> **DATA SHOWN**:
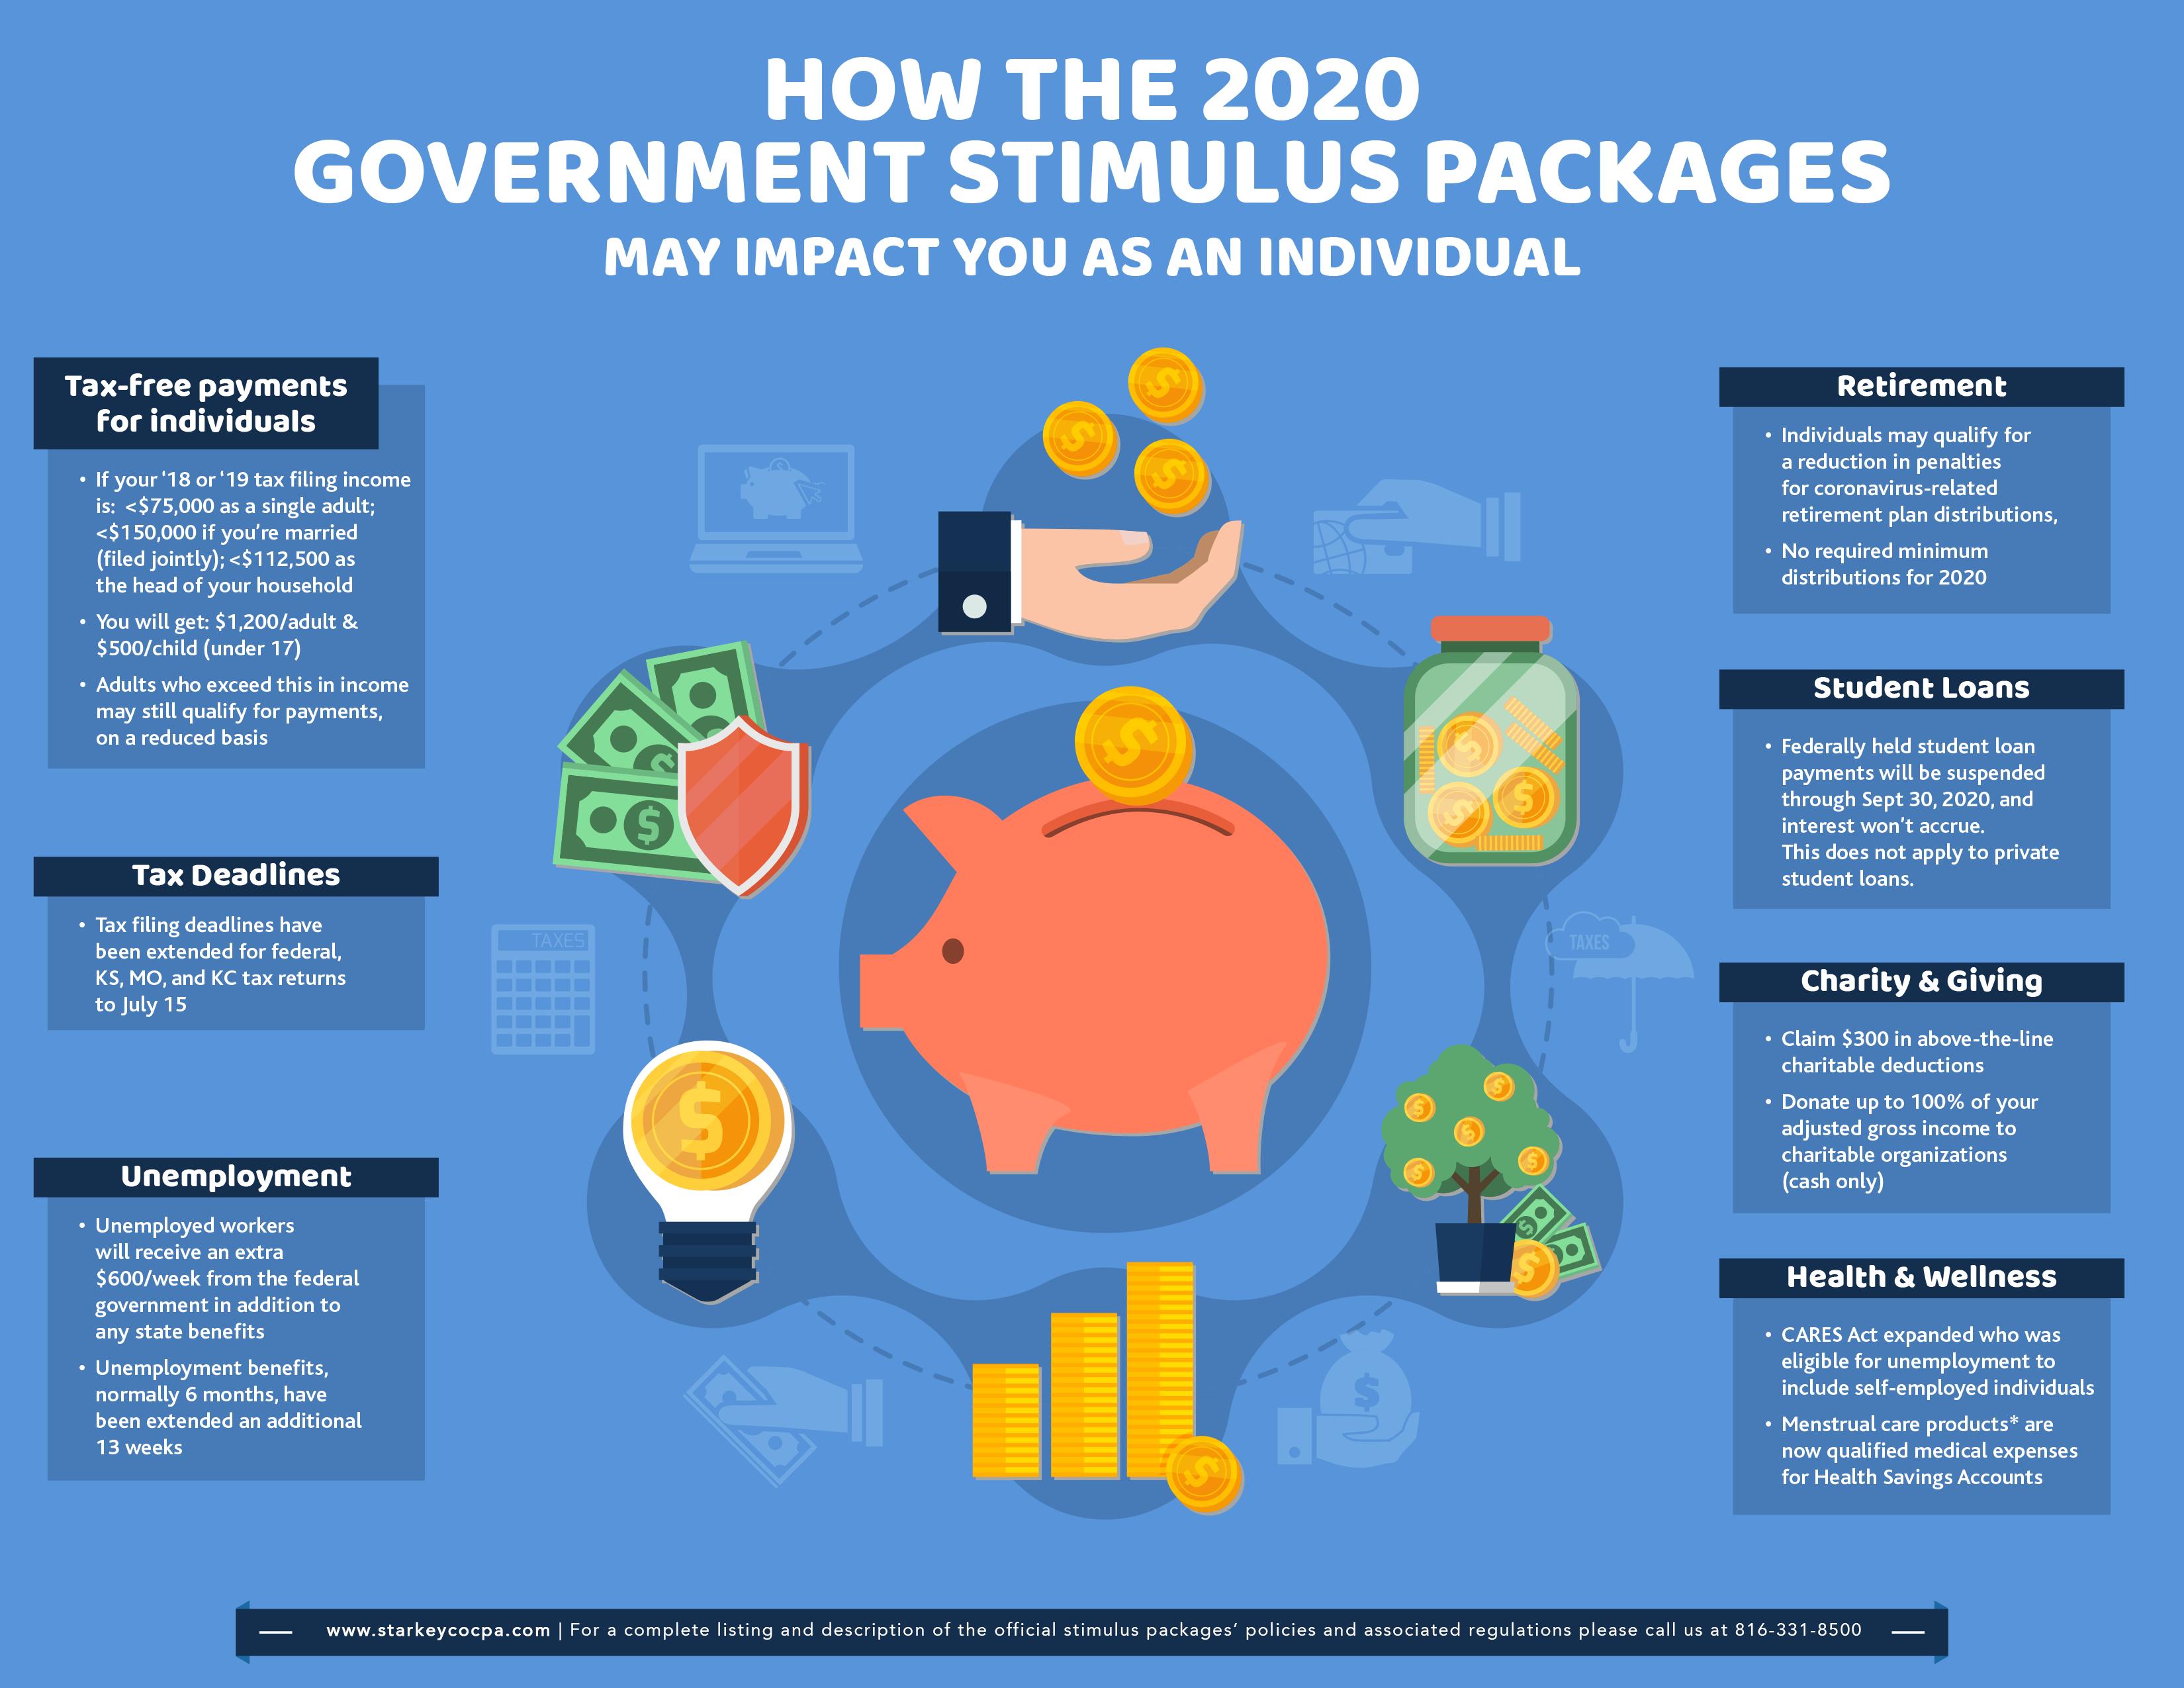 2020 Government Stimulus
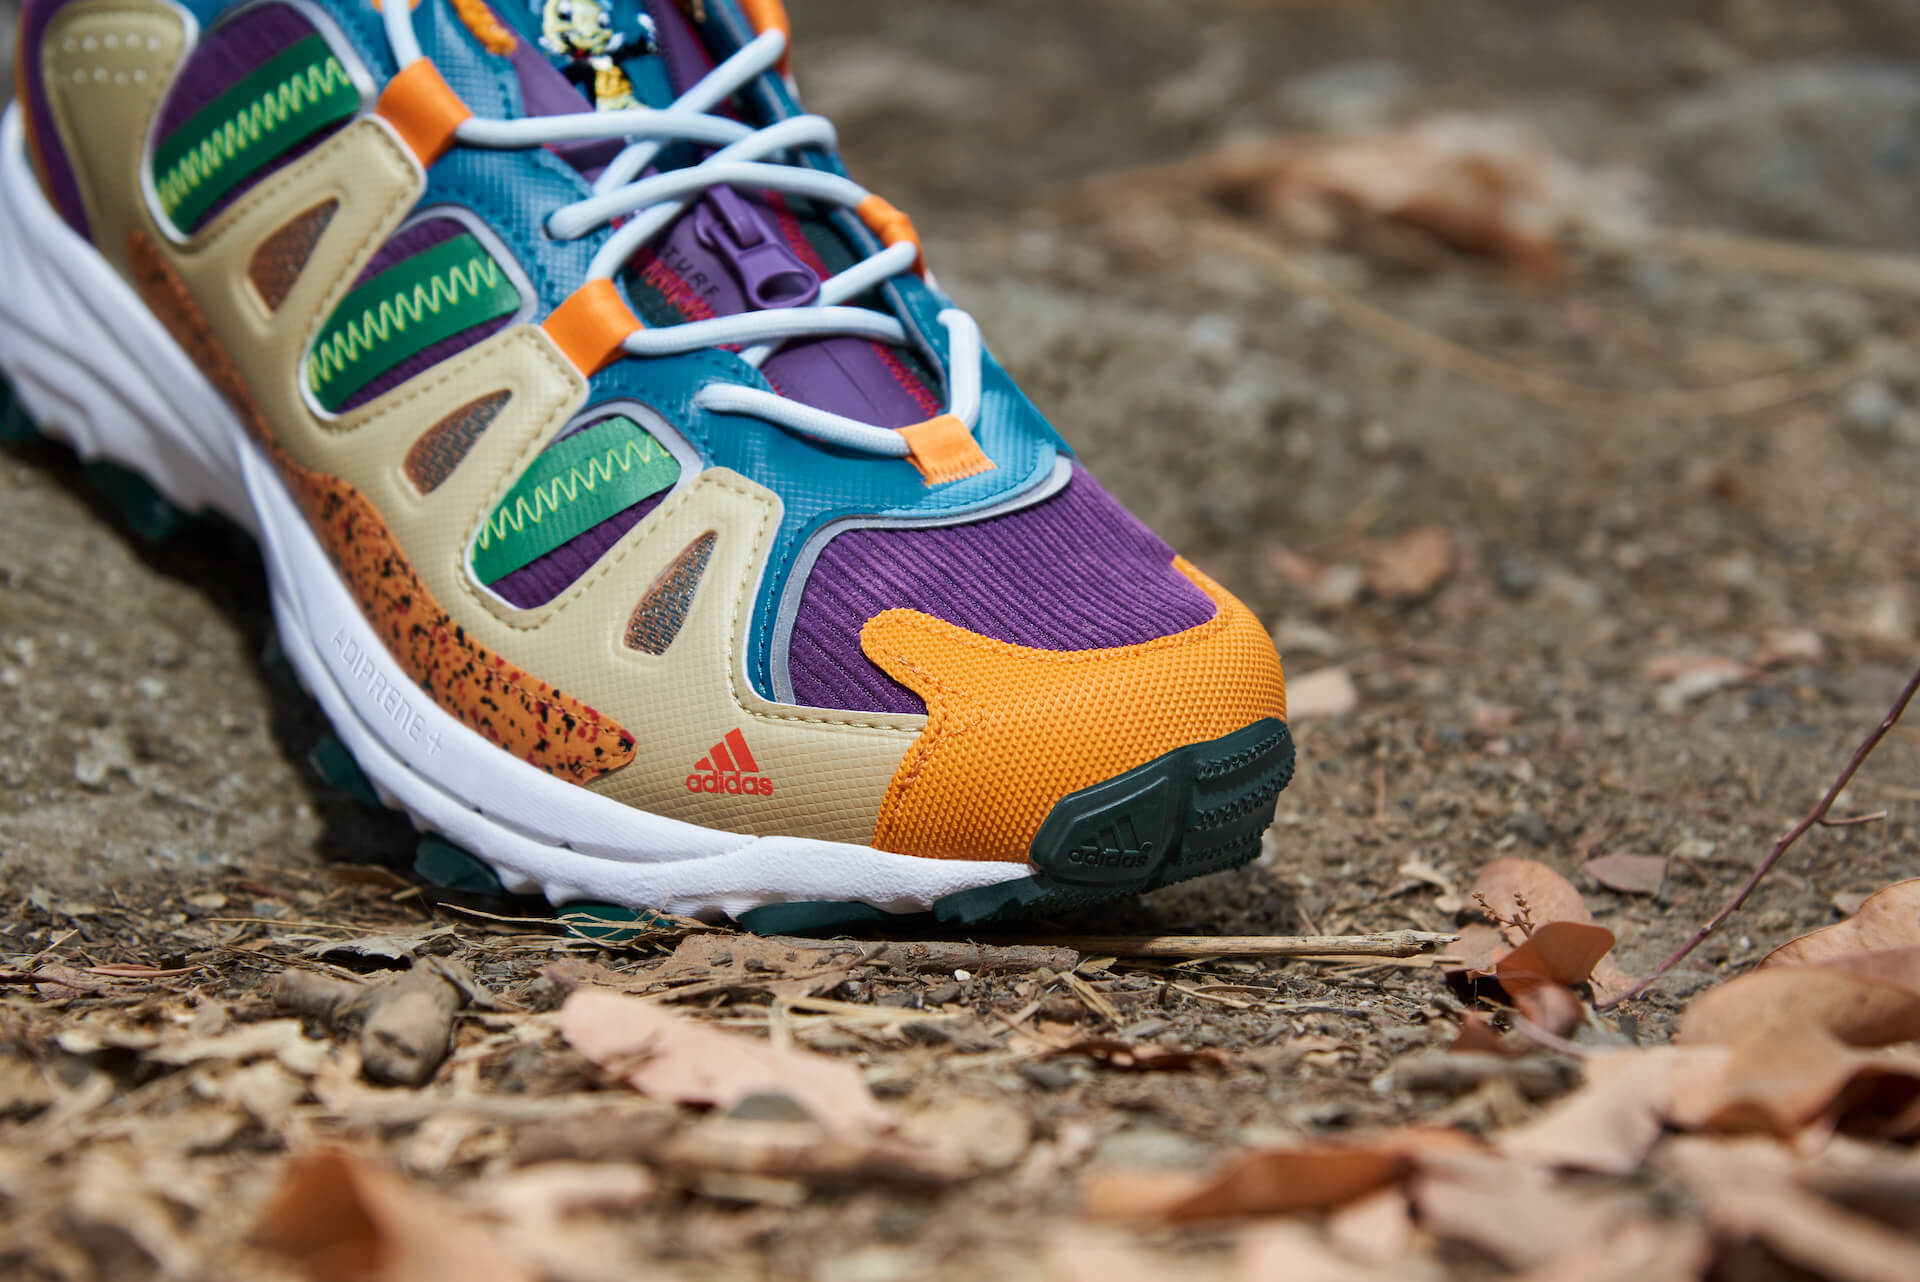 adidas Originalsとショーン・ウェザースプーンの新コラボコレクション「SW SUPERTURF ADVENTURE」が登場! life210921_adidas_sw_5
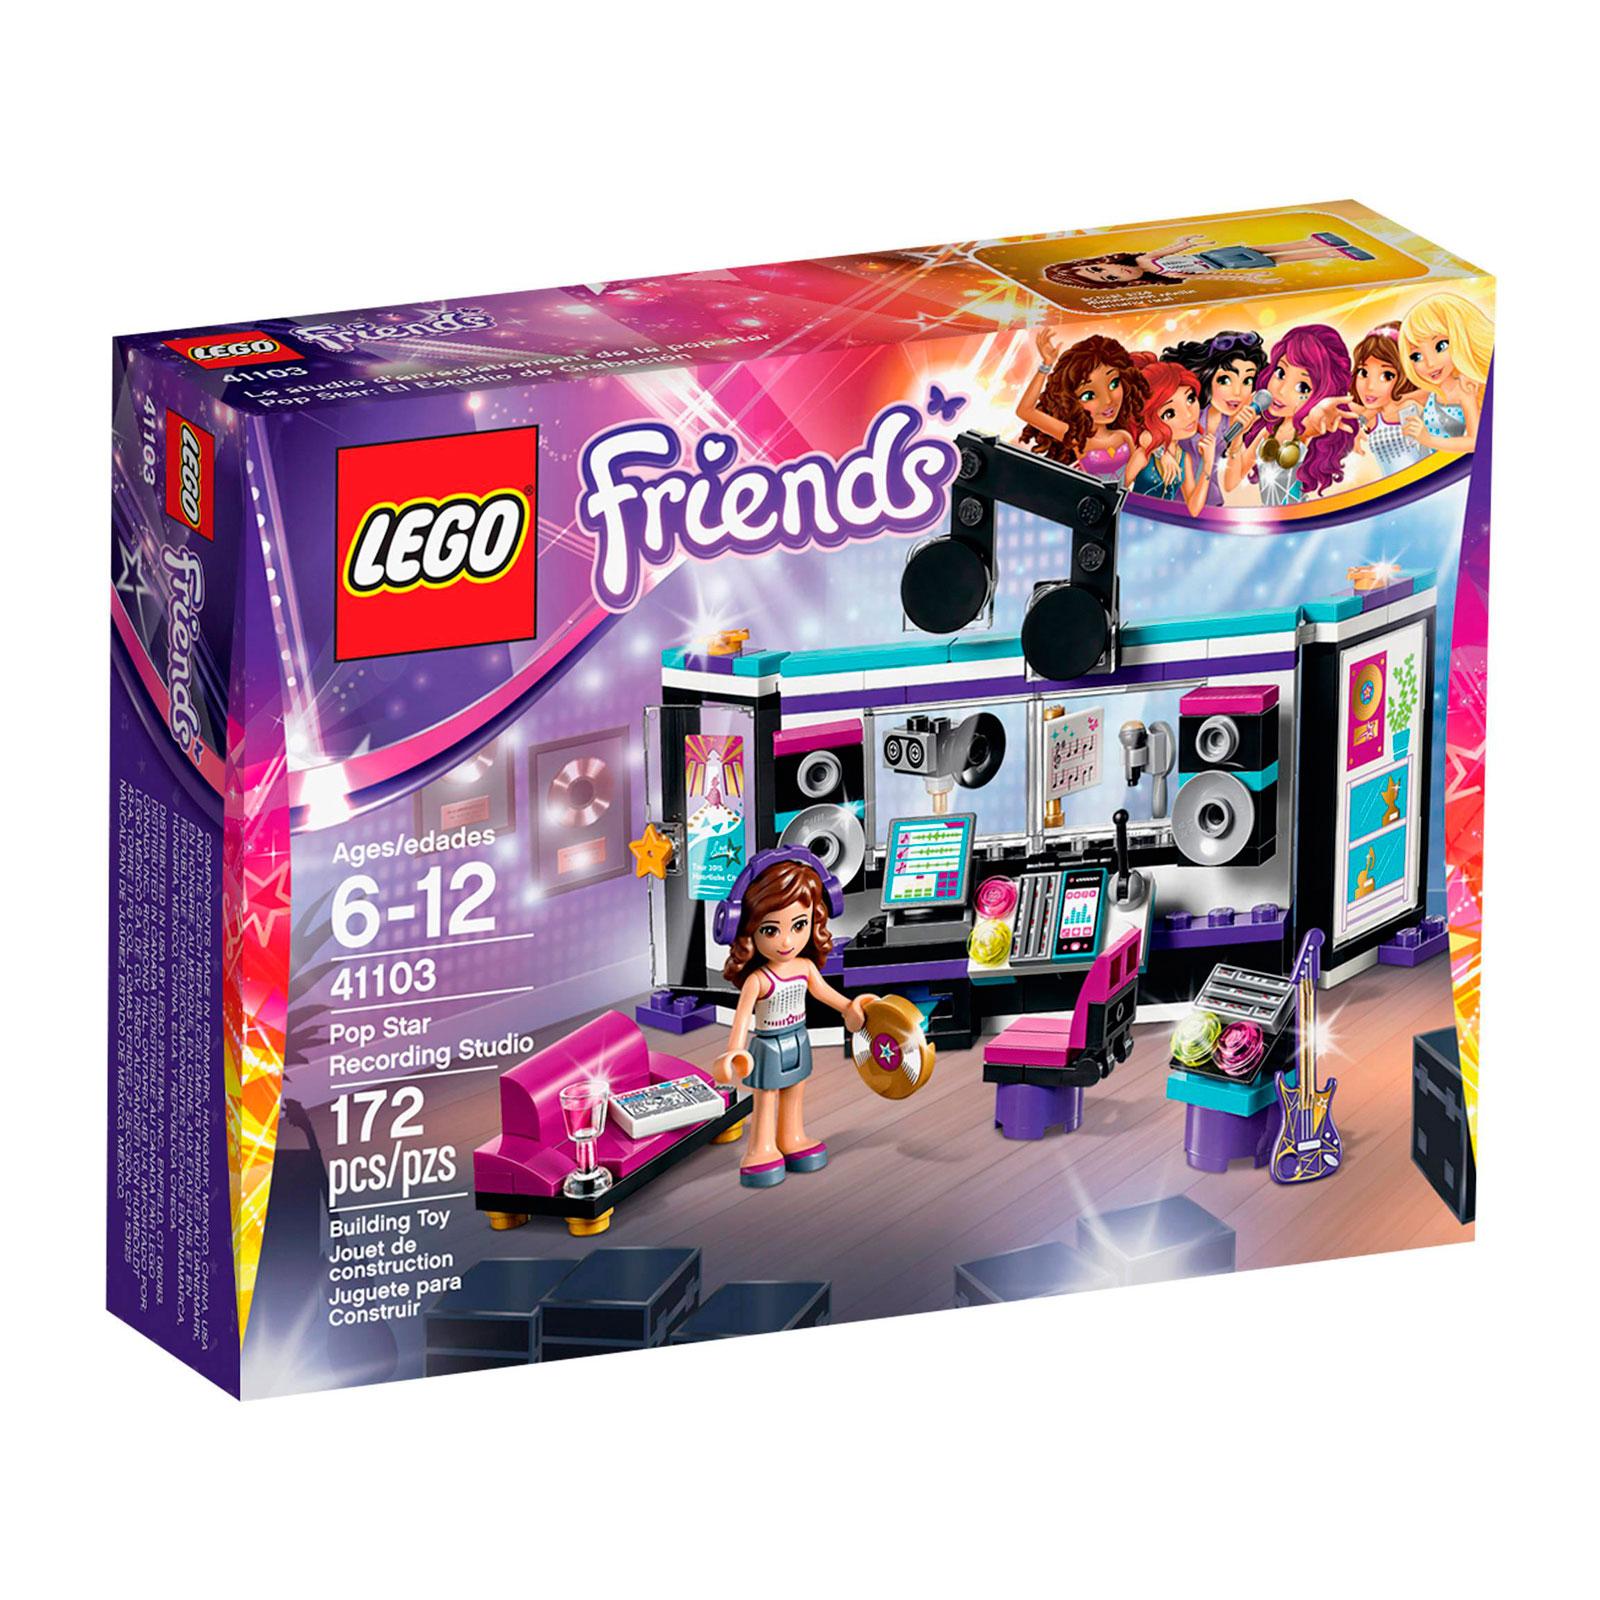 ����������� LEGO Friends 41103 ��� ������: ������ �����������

> **WHAT IS BEING ASKED**: Give back each line above exactly, with pictures dropped.

> **OUTPUT BELOW**:
 2020 Government Stimulus
 adidas Originalsとショーン・ウェザースプーンの新コラボコレクション「SW SUPERTURF ADVENTURE」が登場! life210921_adidas_sw_5
 ����������� LEGO Friends 41103 ��� ������: ������ �����������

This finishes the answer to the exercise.